→ GOAL OF THE EXERCISE: As written and without pictures, set down the lines from the one that contains "Legend-of-Mana-Remaster-7.jpg?ssl=1" through the end of the data.

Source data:
:::::

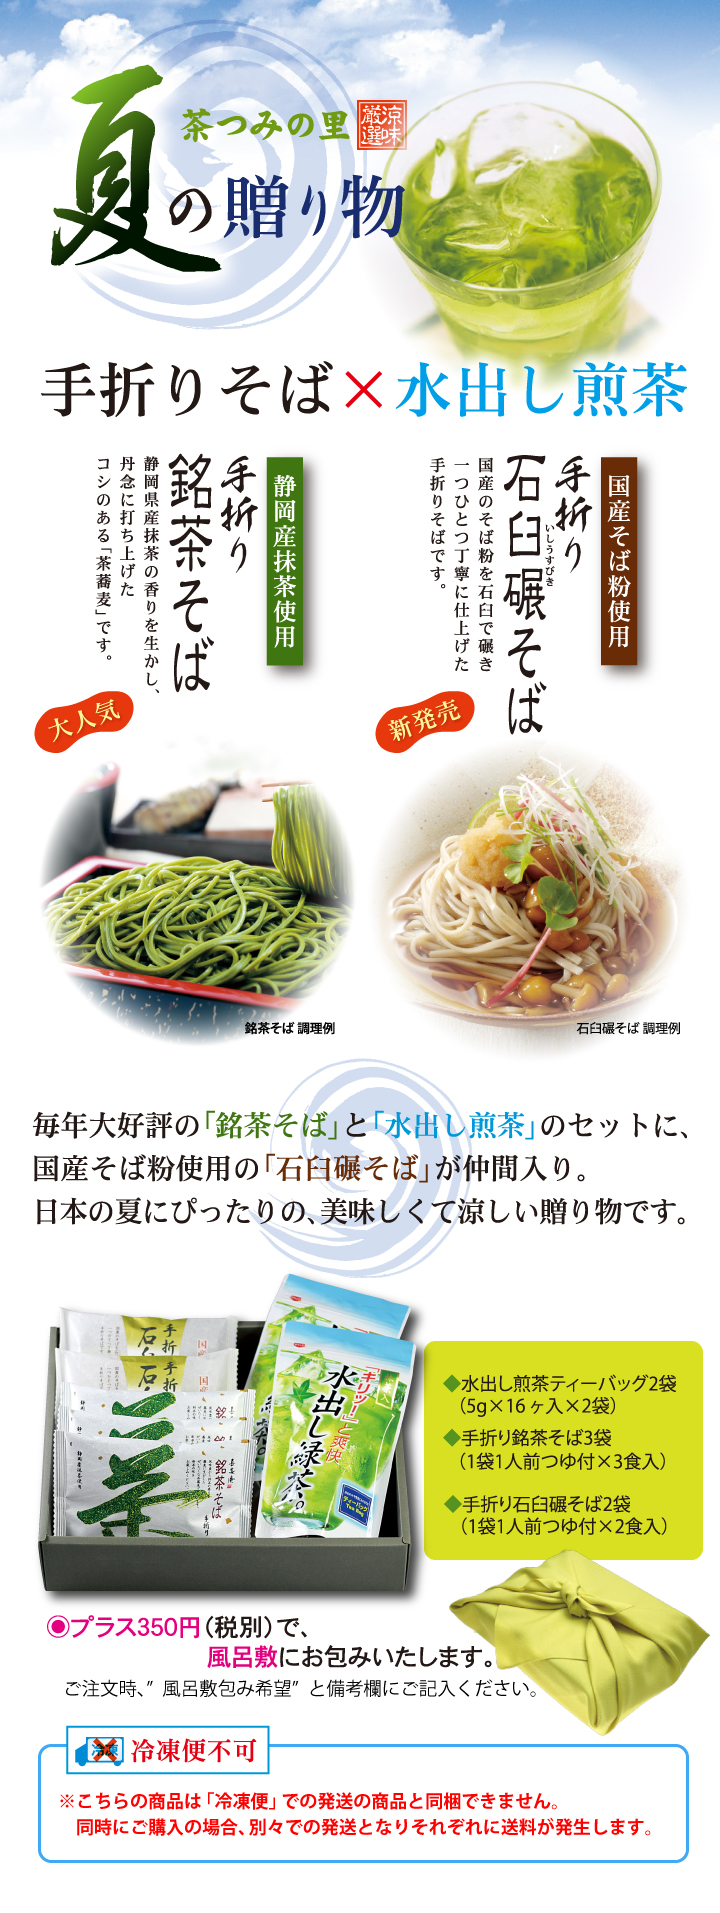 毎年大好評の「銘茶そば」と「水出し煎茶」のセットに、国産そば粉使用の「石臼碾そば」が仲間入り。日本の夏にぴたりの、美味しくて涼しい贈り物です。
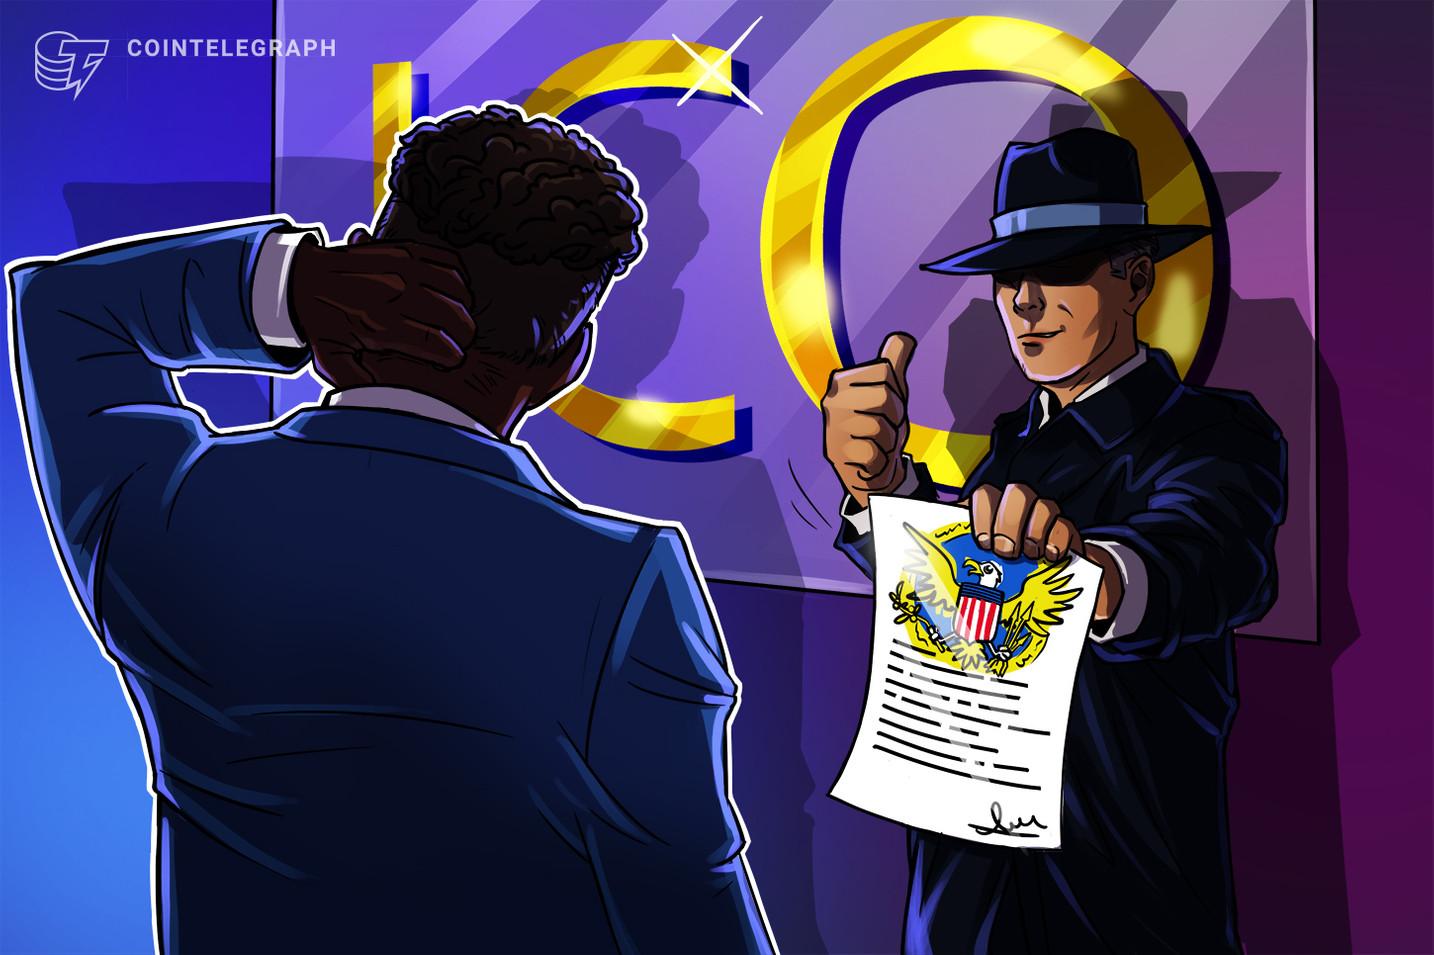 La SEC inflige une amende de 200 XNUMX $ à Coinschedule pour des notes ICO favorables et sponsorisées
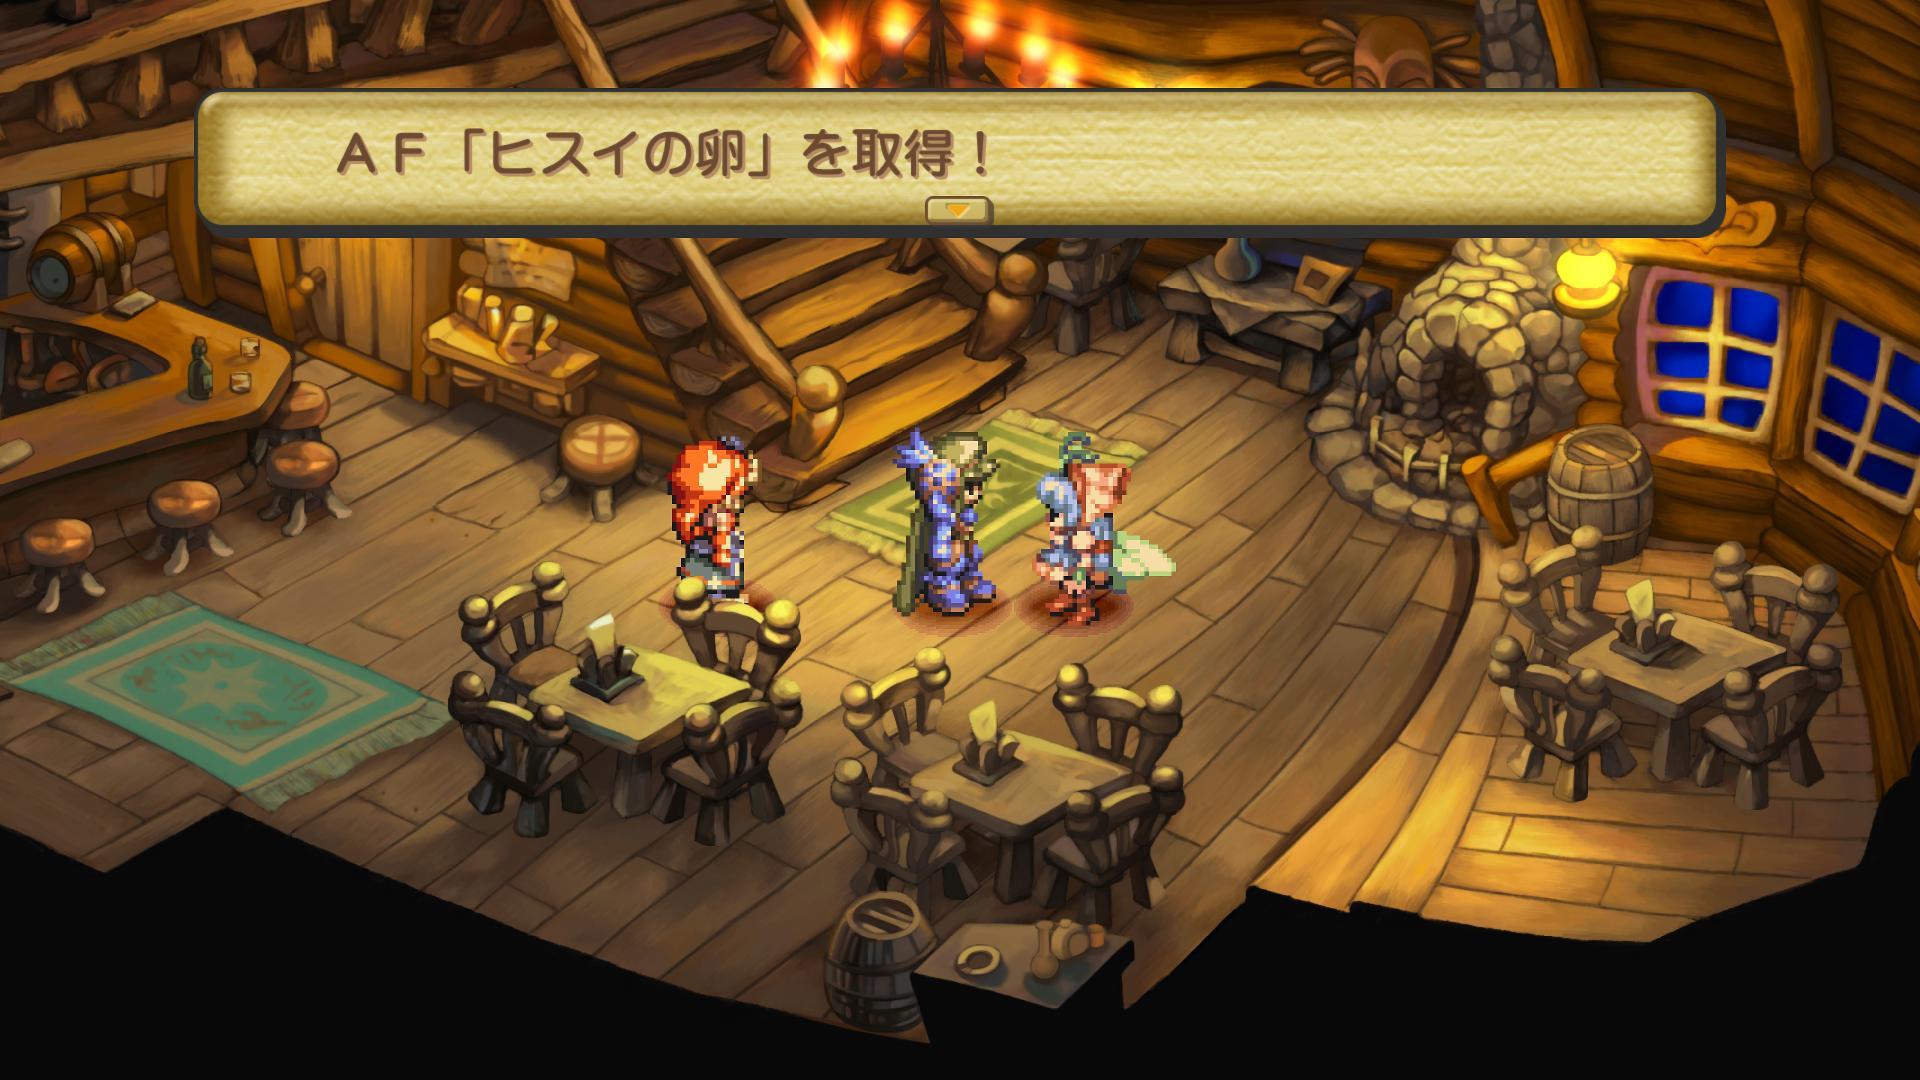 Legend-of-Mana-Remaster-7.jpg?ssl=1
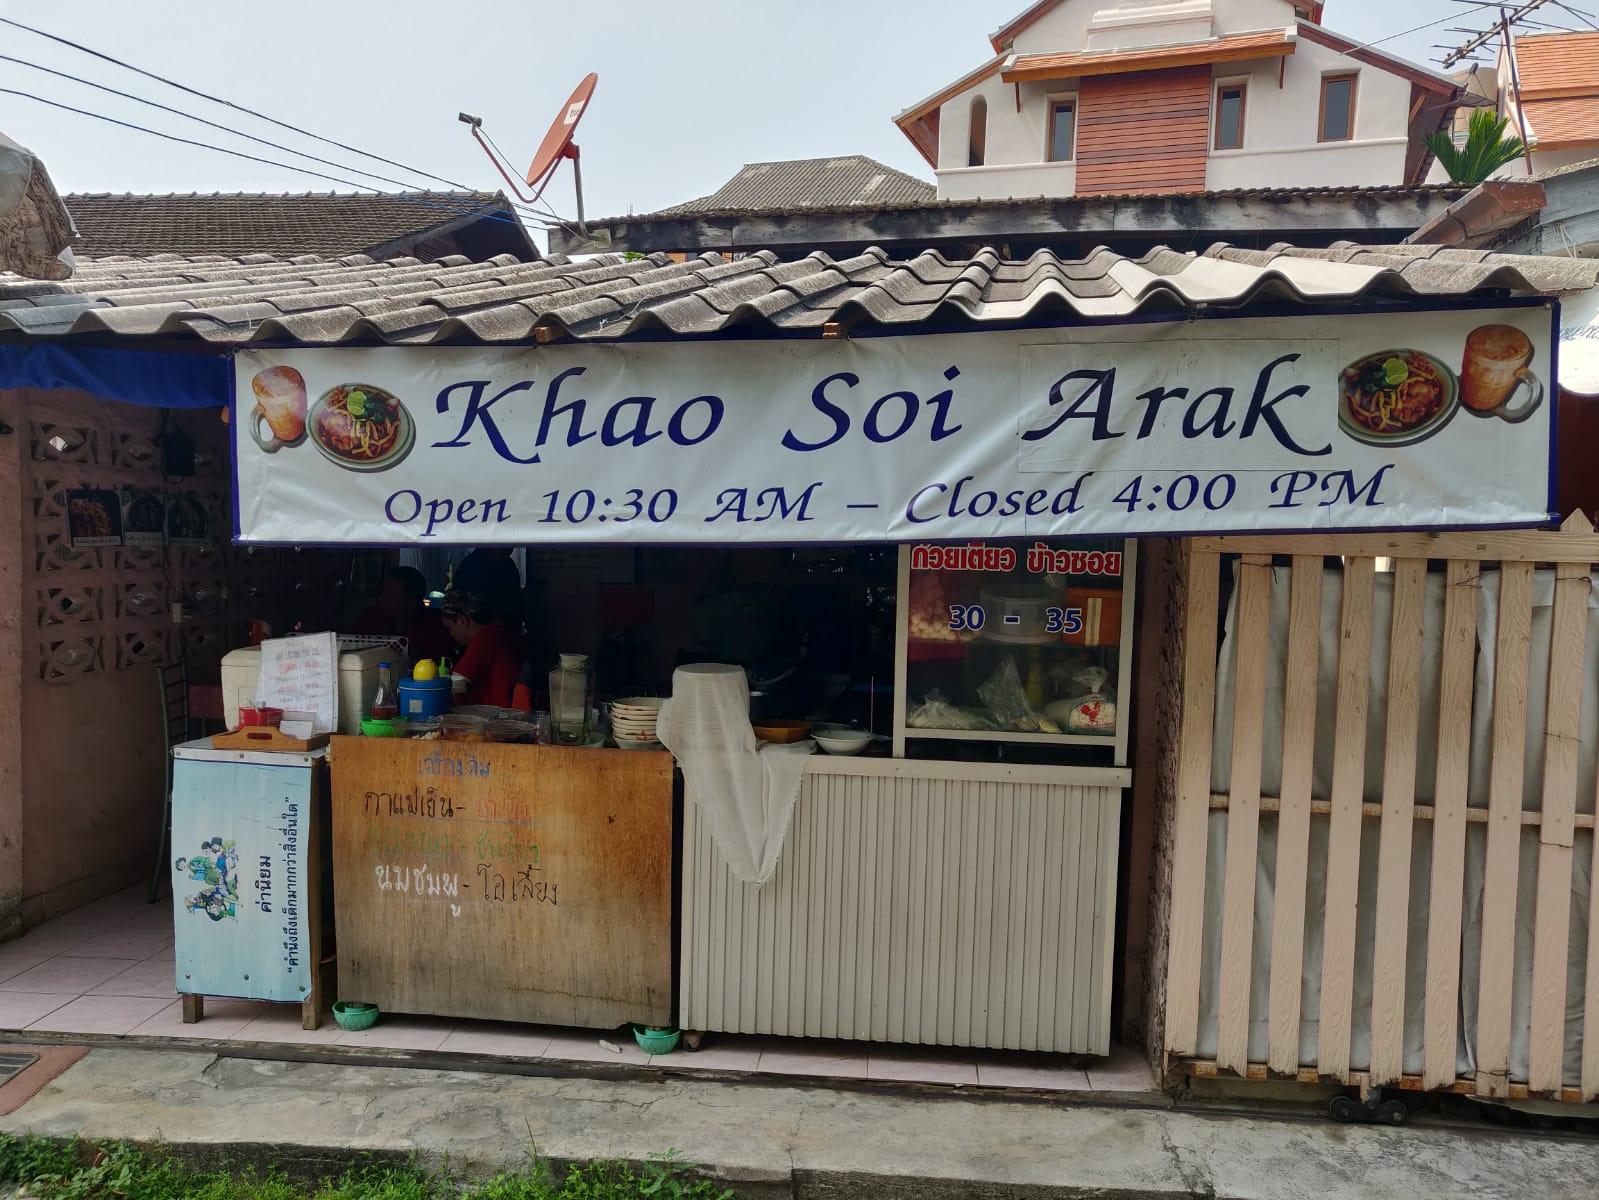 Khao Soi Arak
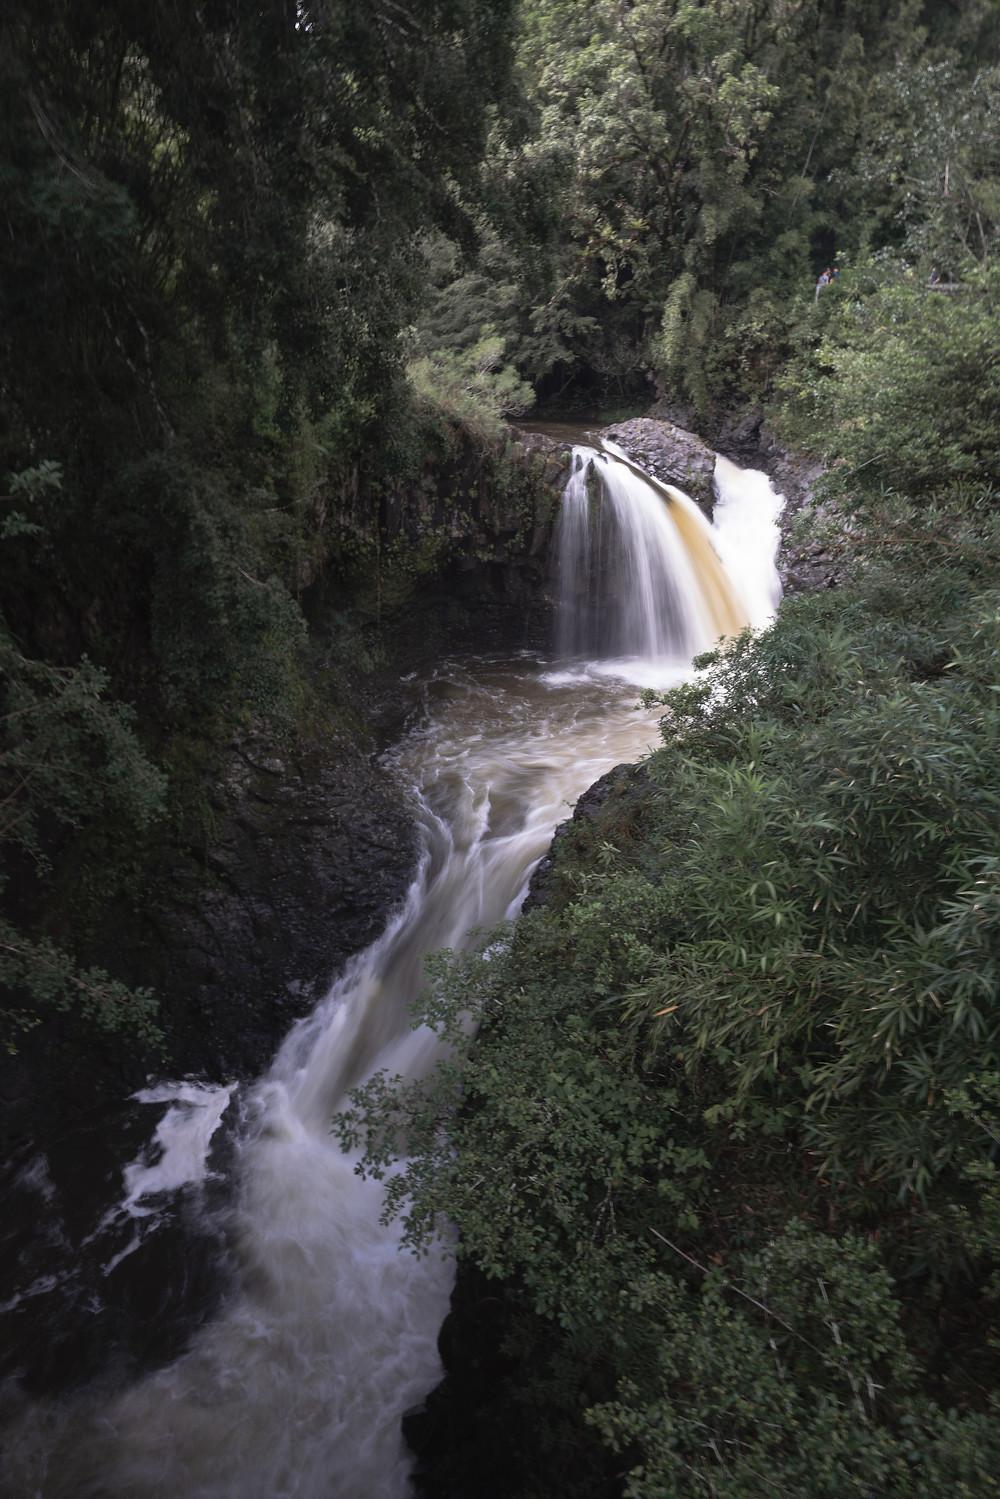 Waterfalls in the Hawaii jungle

:::::

→ RESULT OF THE TASK:
 Legend-of-Mana-Remaster-7.jpg?ssl=1
 Khao Soi Arak
 Waterfalls in the Hawaii jungle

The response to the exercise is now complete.